Likewise with Saleh, who also used classic sibling fixation to show the limited ways in which women are able to develop some sense of psychological and emotional autonomy in choosing their partners. Saleh, like Damianos, reveals the immense pressure a patriarchal society puts on women, in not just being caretakers, but even providing economic and financial support for the men. Koki, the female protagonist and Saqr’s sister, navigates the morally crushing weight of being forced to work and support her family, by anchoring her sense of home via her relationship to Saqr. Her emotional and material investment in that relationship overrides everything else. But, very much like Damianos’s characters, without any real resolution. Koki, like her Greek female counterpart, realizes she’s anyway alone, with or without Saqr.

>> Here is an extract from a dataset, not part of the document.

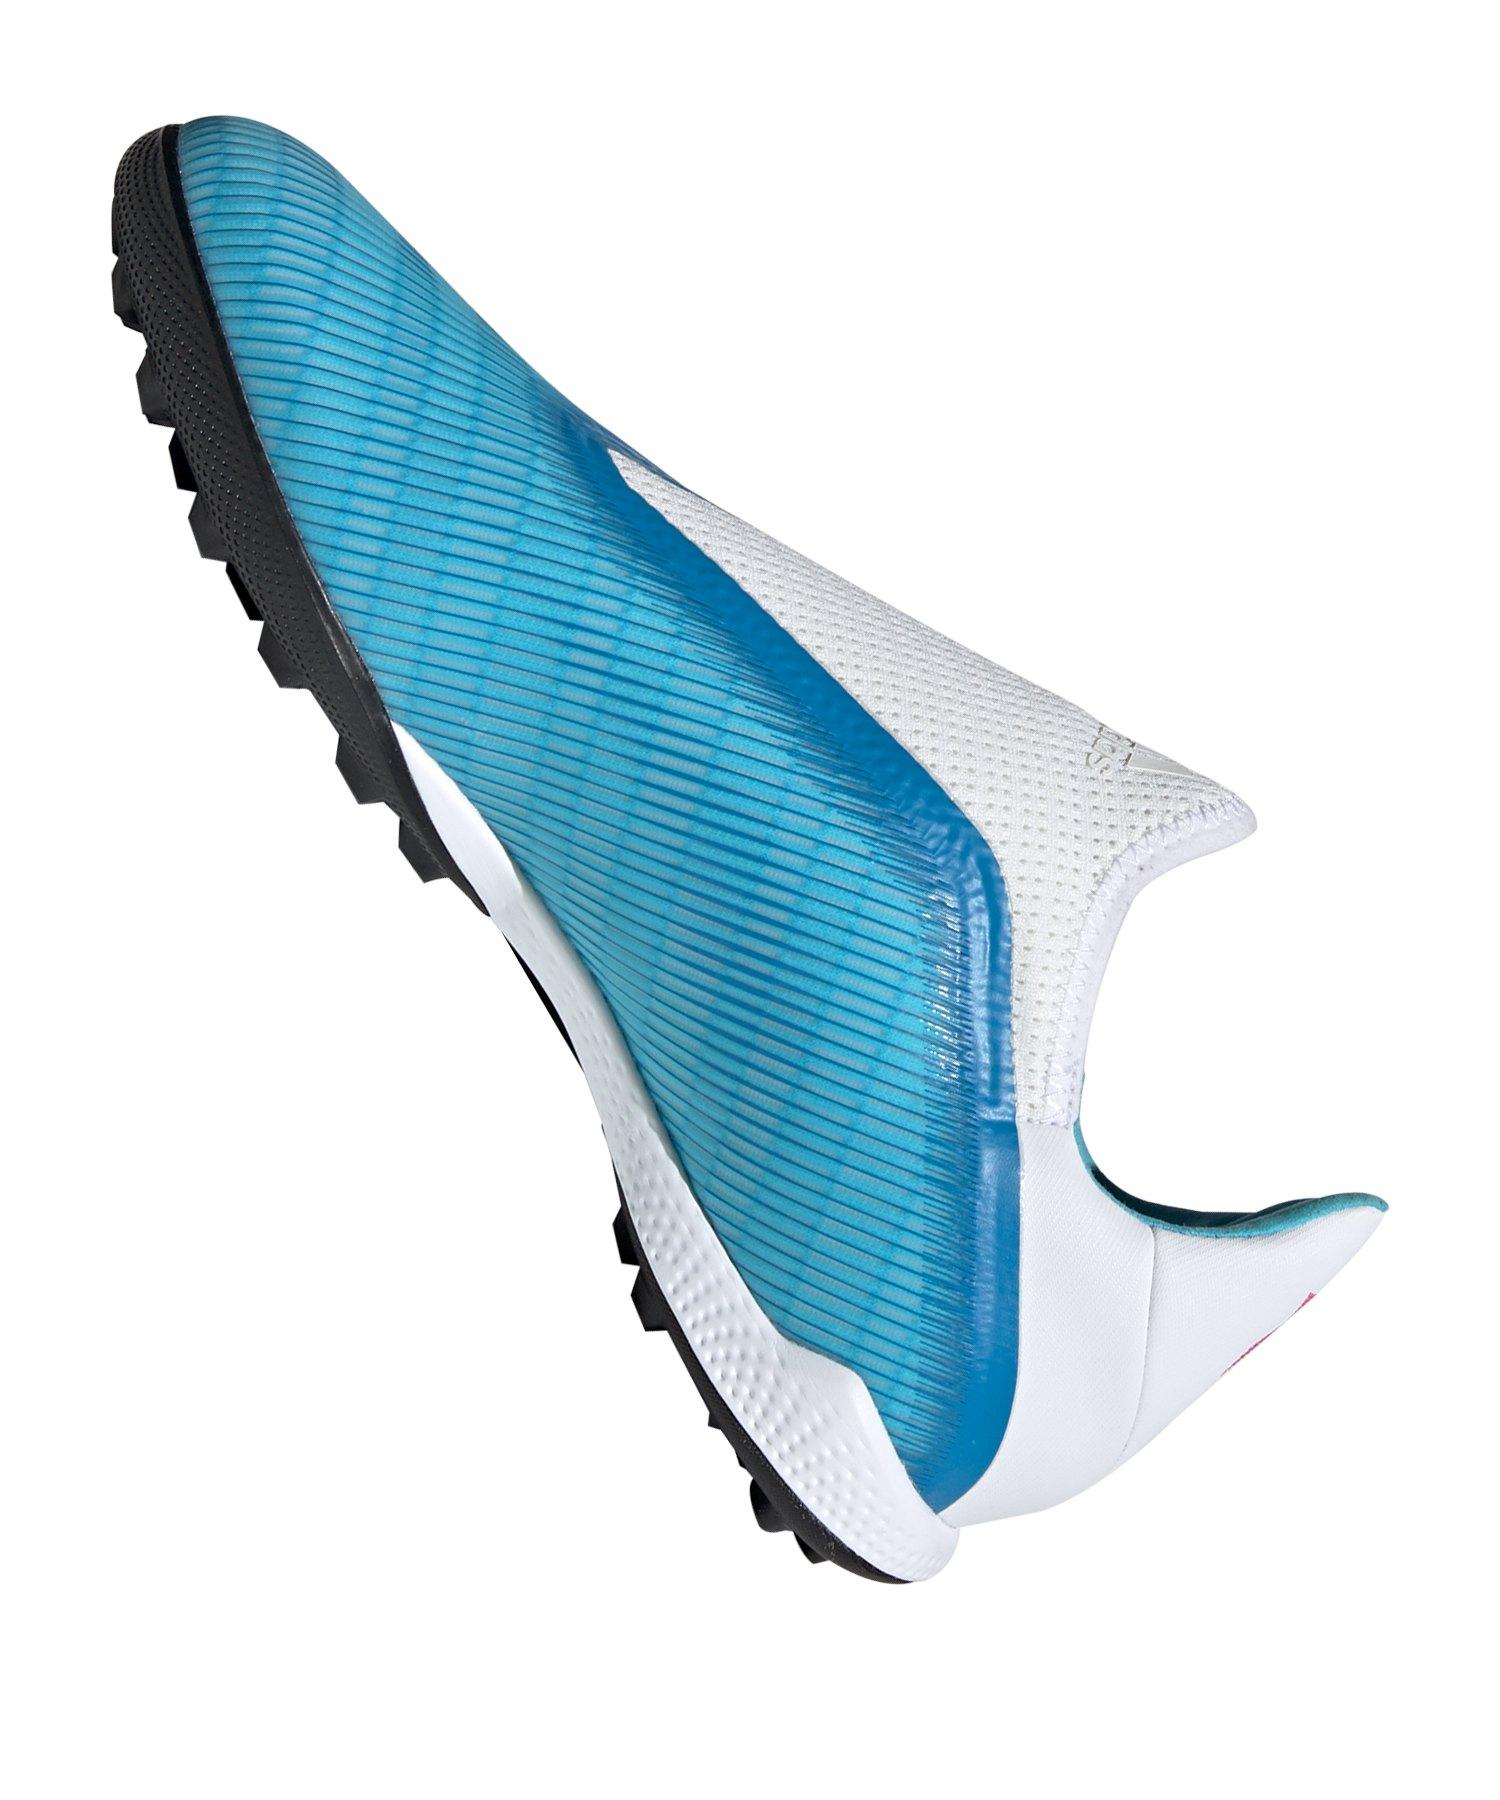 adidas X 19+ FG Blau Weiss Schwarz
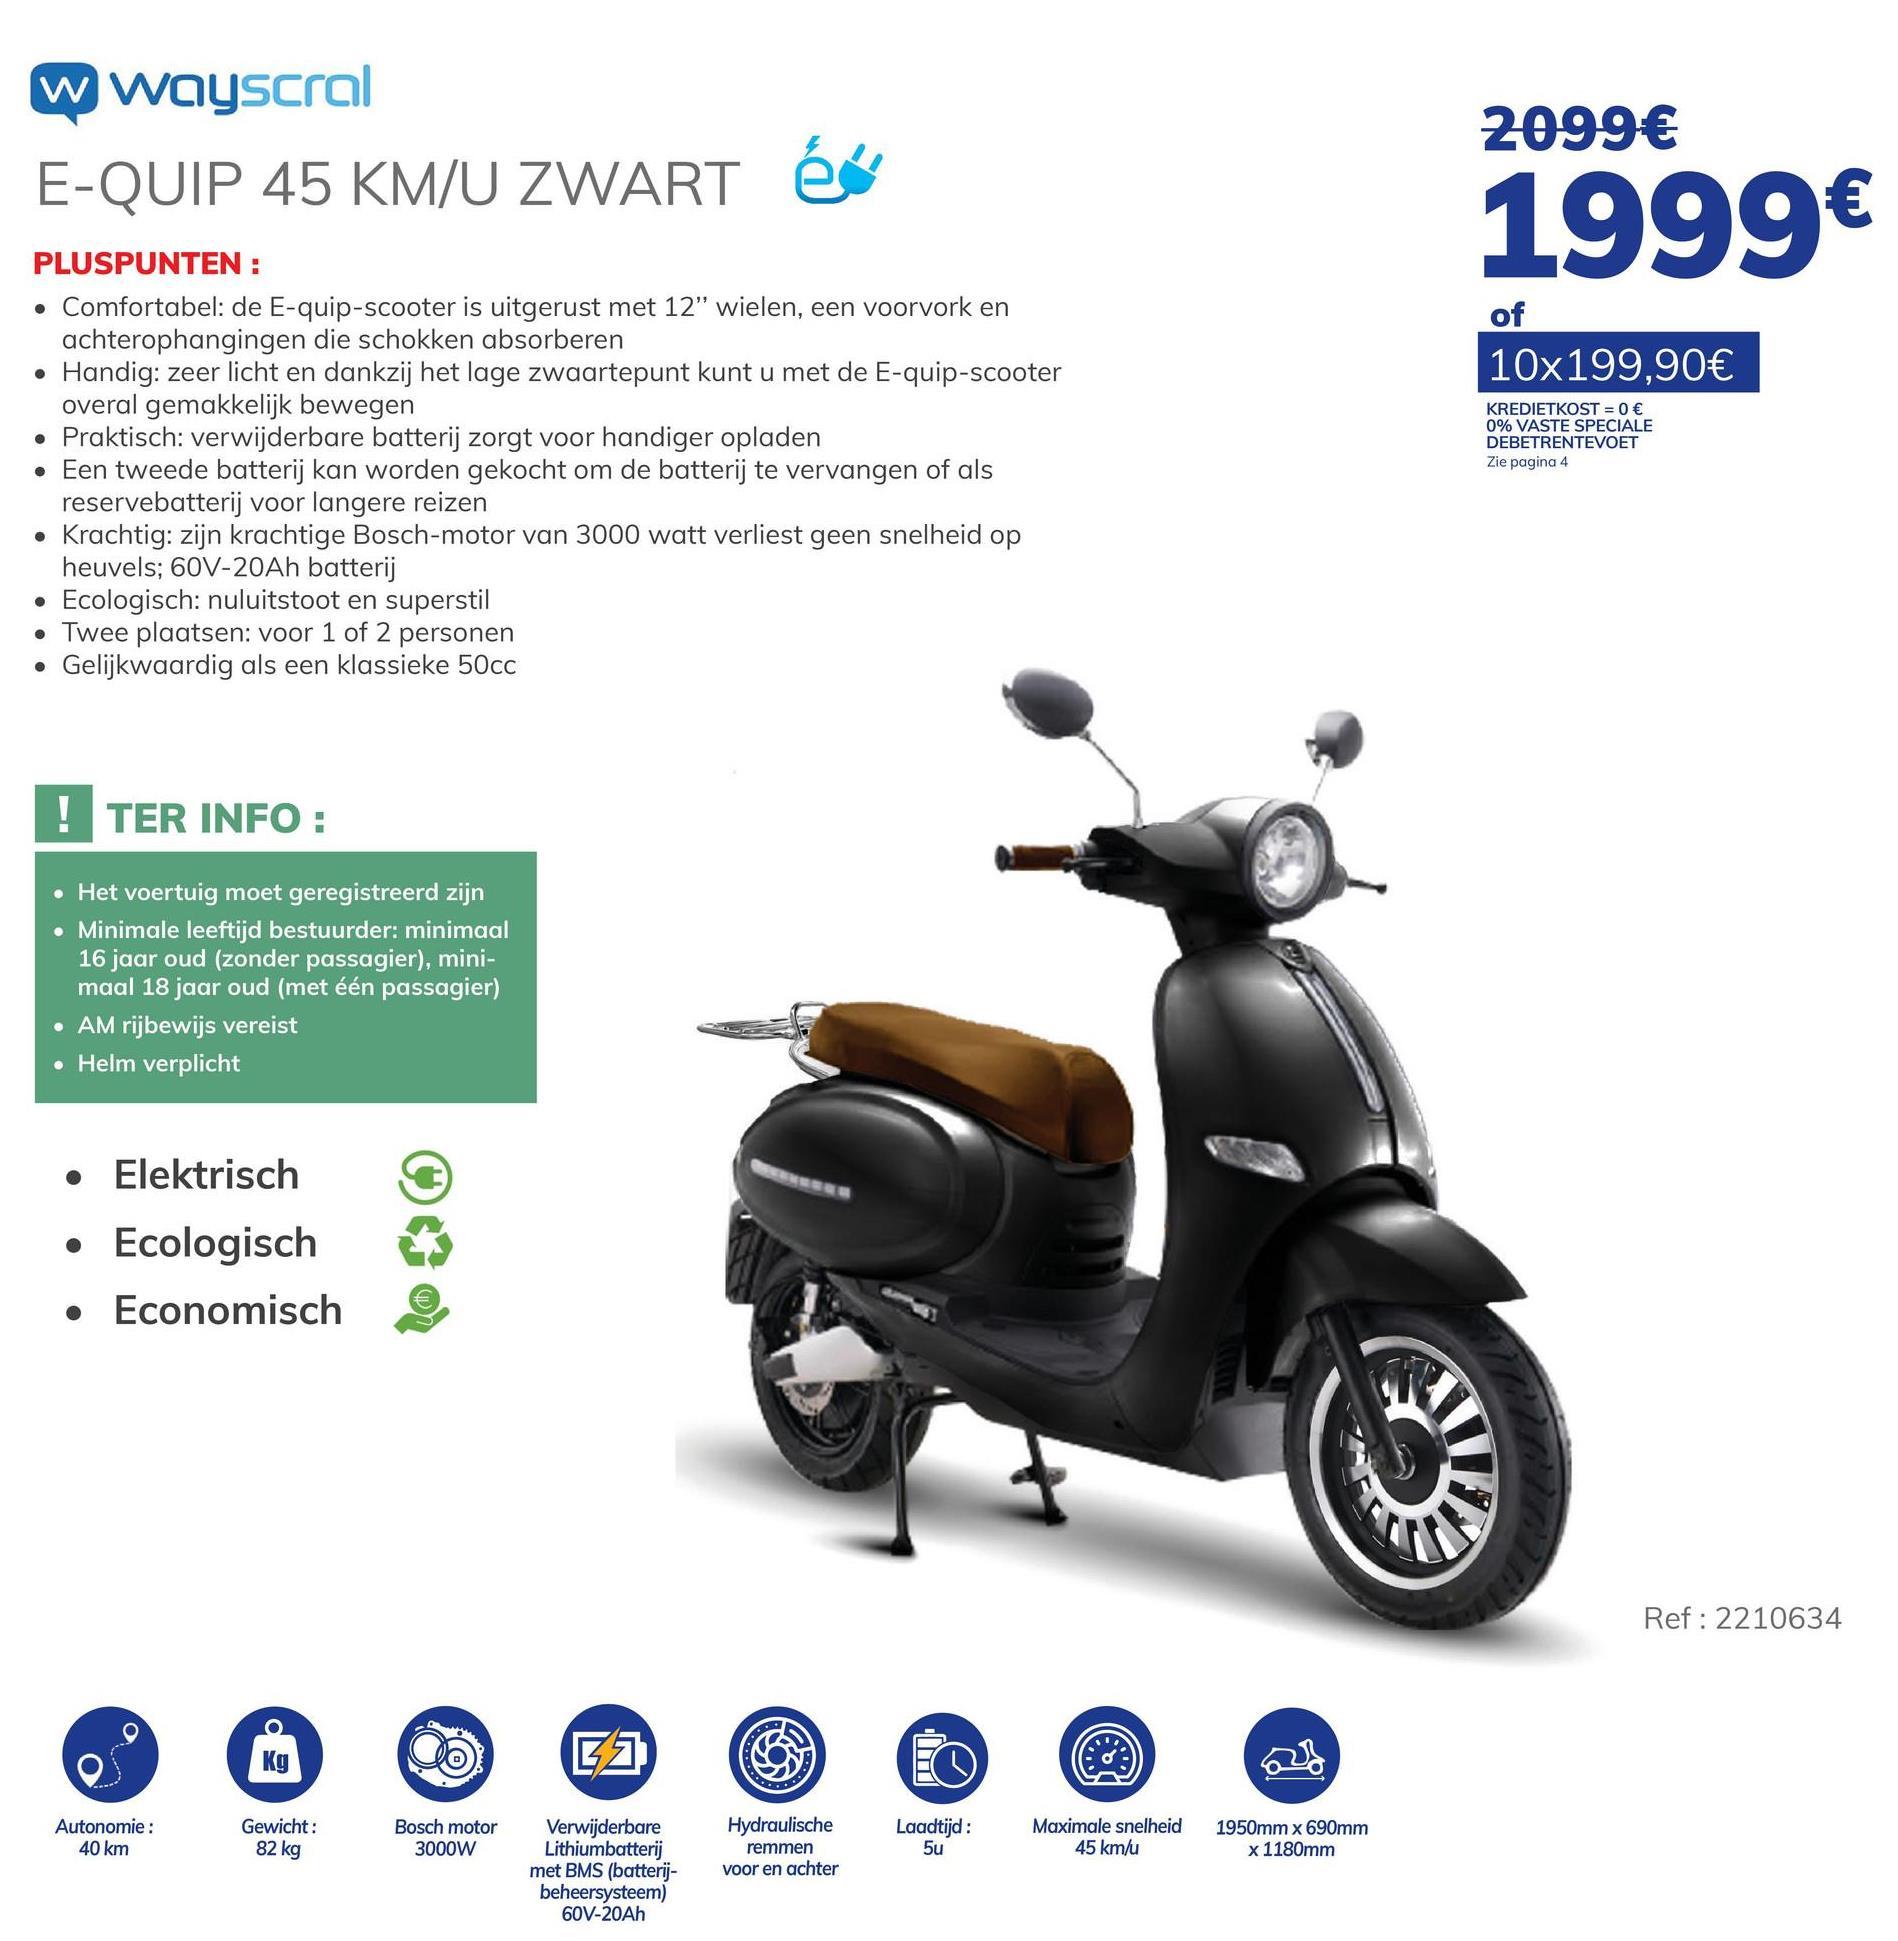 """Elektrische Scooter E-quip Zwart De elektrische scooter WAYSCRAL E-QUIP kan worden gebruikt door eenieder die minstens 16 jaar oud is en in het bezit is van een rijbewijs AM of enig ander rijbewijs voor de wagen of motorfiets. De elektrische scooter komt overeen met een motorfiets van 50 cc, en is elektronisch beperkt tot 45 km/u. Het formaat van de scooter is geschikt voor personen van eender welke lengte, het zadel is langwerpig en het is dus mogelijk om met twee personen op de scooter te zitten zonder in te boeten aan comfort. De batterij bevindt zich onder het zadel, en deze is uitneembaar zodat u ze kunt meenemen om thuis of op kantoor op te laden. De batterij laadt op in ongeveer 5 uur. De ruimte onder het zadel biedt plaats aan een helm of een tweede accu om de autonomie te vergroten. De capaciteit van de batterij die bij de scooter wordt geleverd bedraagt 60 V 20 Ah (oftewel 1200 Wh), en heeft een bereik van 40 km. De motor bevindt zich in de naaf en is een 60 V BOSCH"""" Brushless elektrische motor met een erg goede betrouwbaarheid. Dankzij het schijfremsysteem (vooraan en achteraan) kunt u efficiënt remmen in alle omstandigheden."""". - Ecologisch: geen uitstoot en erg stil- Mooi ontwerp - Performant"""

Although many Egyptians are still leaving Egypt legally, by seeking to immigrate to the West, as conditions continue to deteriorate further under the current military dictatorship, their fates are not the same. Those who were lucky enough to receive an education and training that make them a desirable employment source, are treated and seen differently than your average low-skilled worker. And their stories of success pepper news and media, both home and abroad. It is the stories of someone like Saqr or Antonios that rarely see the light. And they are stories that show the hypocrisy of the system, that on one hand doesn’t mind profiting from dictators and doing business as usual, and on the other would condemn in the strongest possible way, people who try to escape the horrors of living under such conditions.
In a rare moment of synchronicity, literally occurring at the same time, two films show, not just the similarities of the human condition, but also the similarities of the human desires and aspirations. It is through telling the stories which are not usually told, that an inadvertent truth emerges: the journey home cuts across borders, time and even death. It is the most human of all things, and it is through the telling of those stories, through the films of Damianos and Saleh, that it becomes possible to recognize what is human, and in the empathetic act of recognition, embrace it.